The plot above corresponds to binary_log_model_2. Function binned_residuals() does the following:

• Unless specified, the default number of bins is \(\lceil \sqrt{n} \rceil\) as in the ceiling function: ceiling(sqrt(n)). For the dataset breast_cancer we have \(n = 569\), leading to 24 bins (i.e. 24 points in the plot).

• The \(n\) fitted values \(\hat{p}_i\) are ordered from smallest to largest.

• The ordered fitted values \(\hat{p}_1 < \hat{p}_2 < \dots < \hat{p}_n\) are equally split in the \(\lceil \sqrt(n) \rceil\) bins.

• The respective average fitted value per bin is mapped onto the \(x\)-axis.

• The corresponding average raw residual \(\bar{r}_j\) for the \(j\)th bin is mapped on the \(y\)-axis.
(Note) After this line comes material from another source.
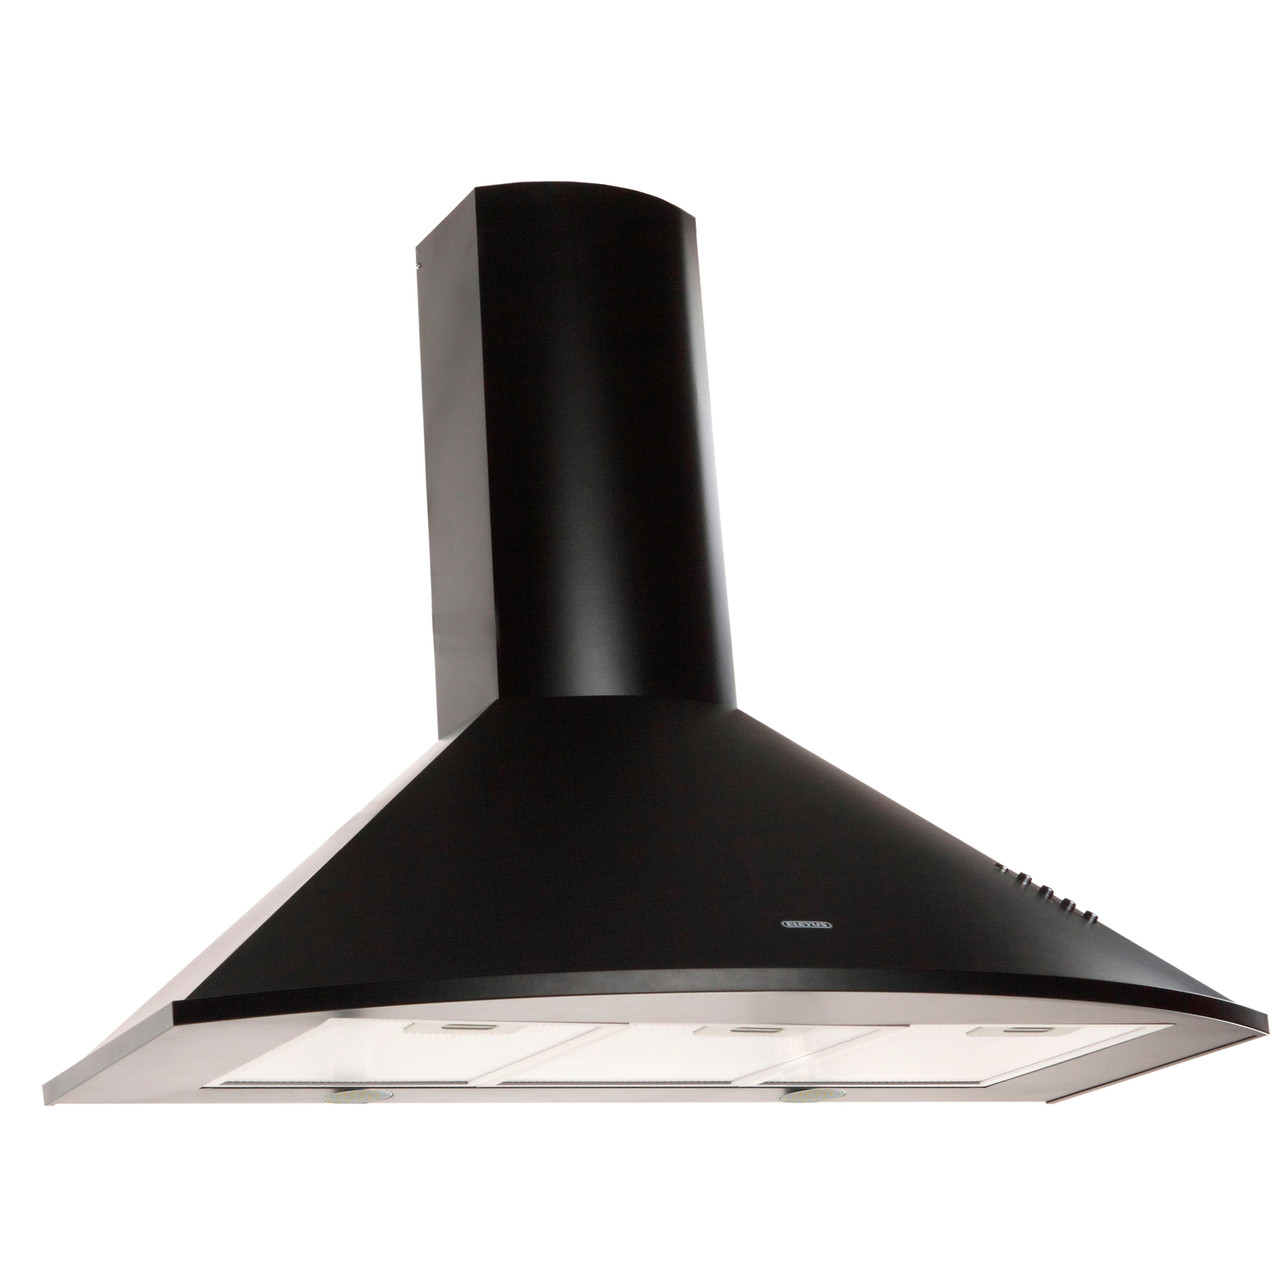 Витяжка кухонна ELEYUS Bora 1000 LED SMD 90 BL

Recall the \(i\)th raw residual is \(r_i = y_i - \hat{p}_i\).

• The 95% bounds of confidence are computed as \(\pm 1.96 \times \left( \frac{s_{r_j}}{\sqrt{n_j}} \right)\) centred at \(0\) on the \(y\)-axis; where \(s_{r_j}\) is the sample standard deviation of the raw residuals in the \(j\)th bin with \(n_j\) observations, and \(1.96\) is the \(97.5th\) percentile of the Standard Normal distribution.
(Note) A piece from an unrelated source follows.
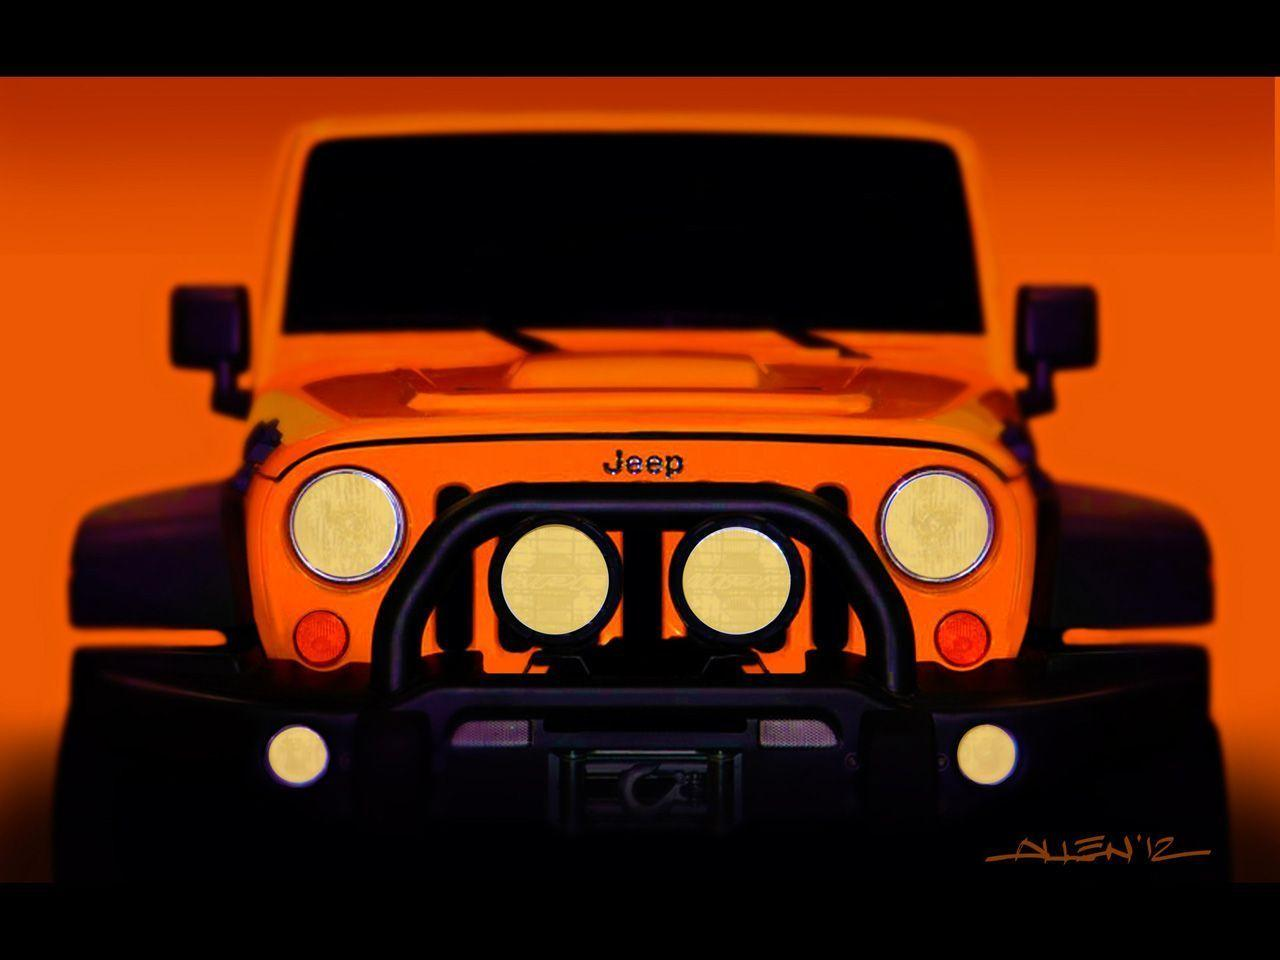 2012 Jeep Moab Easter Safari Concepts - Jeep Wrangler Traildozer ...

• One would expect to have \(95\%\) of the points to be within the bounds to have a good model fit. We can check this via the below code on column group in diagnostic_bins.

prop.table(table(as.factor(diagnostic_bins$group)))

       no       yes 
0.5416667 0.4583333 

Therefore, using a binned residual plot for binary_log_model_2, we can conclude this model is not a good for our training data.